I haven’t shared a car since I was 15 and first got my license.  Even that wasn’t sharing.  My mom and dad rode to work together every morning and the second car was mine to drive my brothers and I to school and work.

When JD and I closed on the Palm Springs pad, we drove a two-person convoy from Atlanta to Palm Springs, he in his Chevy HHR carrying anything valuable or that required an inside ride and I in my Ford Ranger pickup with everything else stacked up and tied down in the back.  

 JD rode alone but I had the companionship of my plastic mascot, Road Monkey.

After the close and unload (in 112 degree heat), JD hit the road back to Atlanta, in the HHR, so he could get ready for an extended trip to Barcelona.  I stayed behind to continue the unpacking and to find some essentials for the place, like something to sleep in and sit on.
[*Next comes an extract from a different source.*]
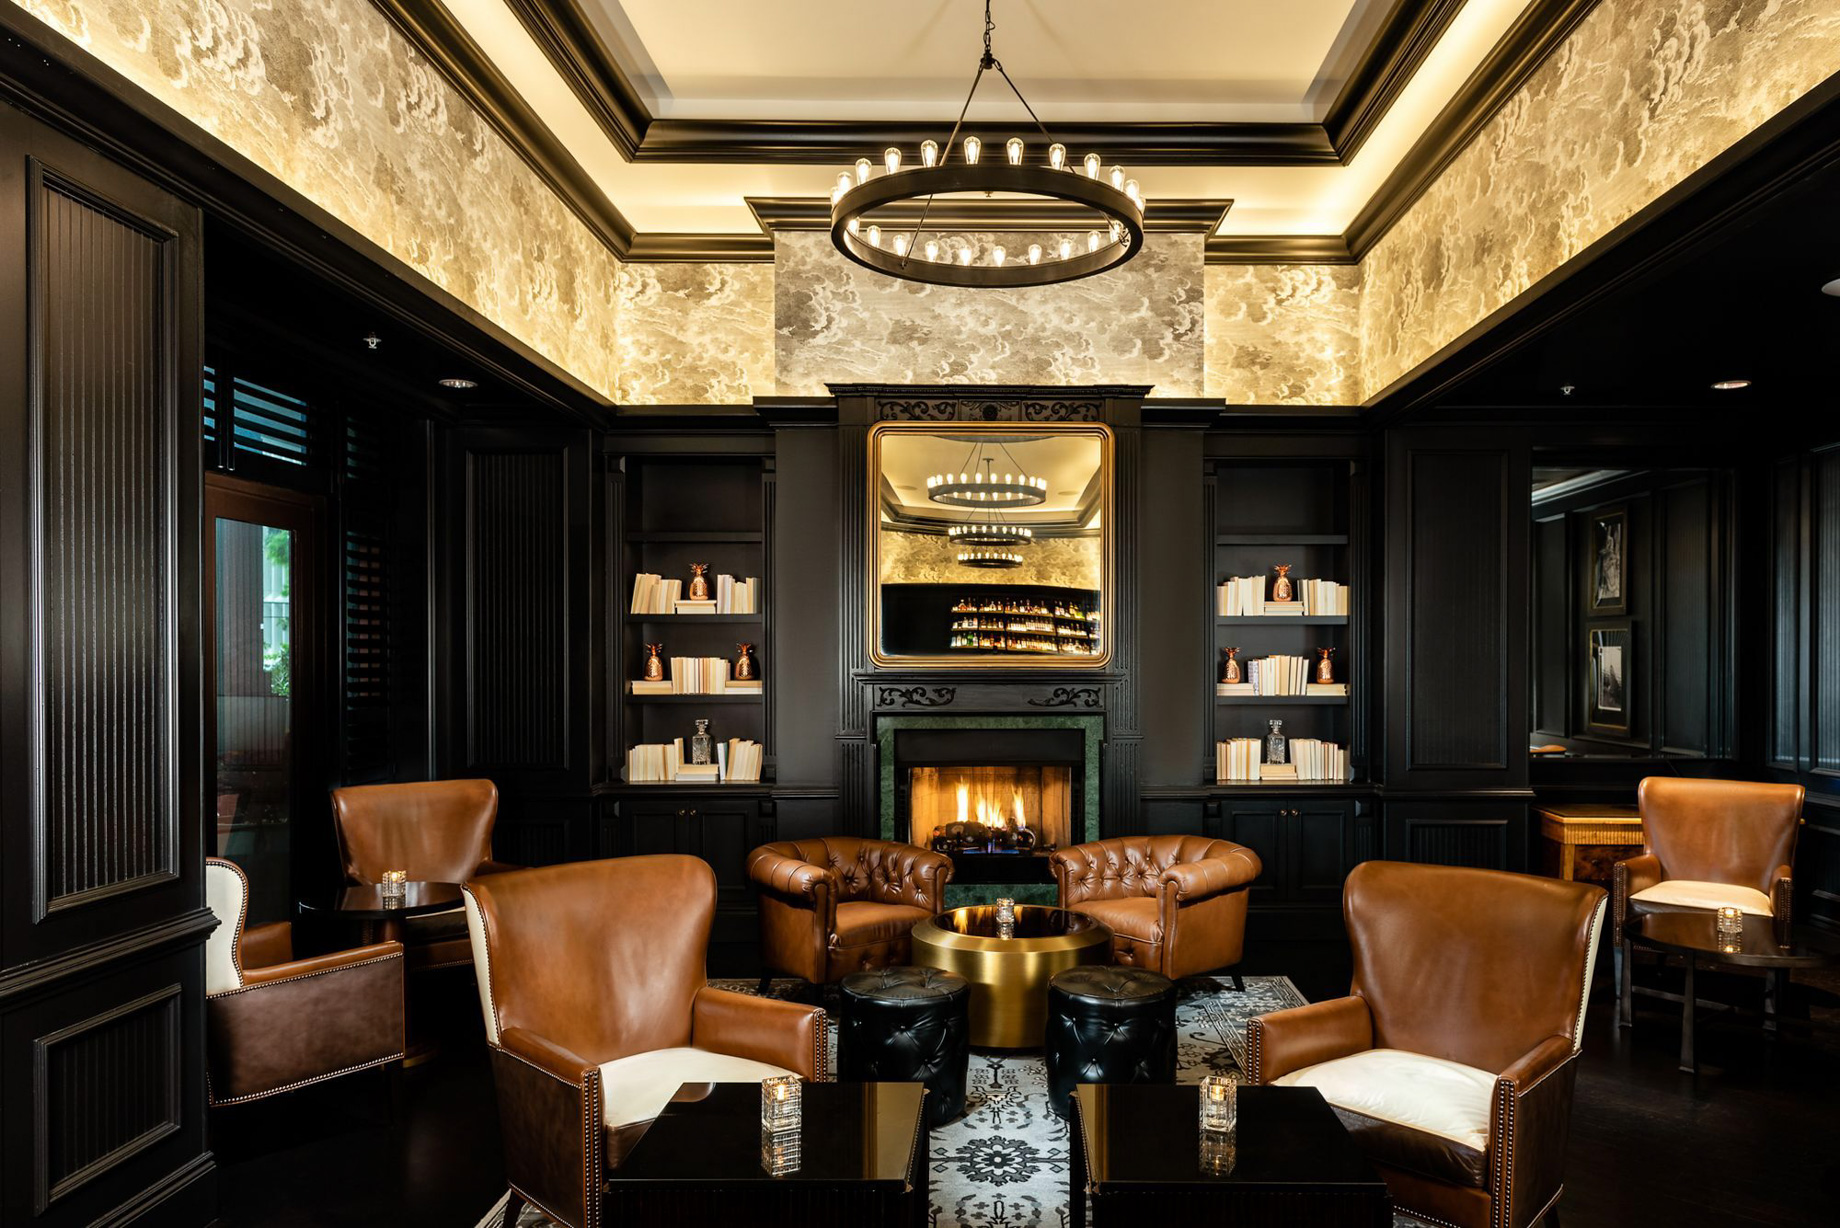 The Ritz-Carlton Coconut Grove, Miami Hotel – Miami, FL, USA – The Commodore Bar

When it came time for me to return to Atlanta, I was saddened not only to leave our new desert paradise after just two weeks, but also because I was leaving my beloved Ford Ranger behind.  We bought it in Houston when we moved from NYC because any self-respecting man in Texas has a truck…even the gay ones.  I lovingly named her Candy.  

She’s the only car I’ve ever paid off and at eleven years she’s by far the longest I’ve ever owned a vehicle.  In those eleven years we rotated JD through a convertible Mustang, and Audi A4 and after the recession hit the very practical Chevy HHR.  I drove Candy straight through.

Now JD and I are doing a waltz of car ownership so that if I take the car to work he knows he’s homebound for the day (except for whatever entertainment he can find within walking distance).  If he drops me off at work, I lose the option of stepping out for lunch or the gym and he has to make sure he schedules his day so he can pick me up again.

I love driving Candy when I’m back in the desert and realize, now, that I had taken her for granted the past eleven years.  The HHR is OK, but it’s not the comfortable ride that she is with her bucket seats that keep you sitting upright instead of down on the ground with your legs straight out.  She looks good in Palm Springs, all bright red against the white desert sand, but I still miss her.

Annual incentives come in March.  Assuming it’s not a miserable year for bonuses, I’ll be getting a replacement for Candy.  No car can truly replace her, but a man has needs and one of mine is automobile freedom.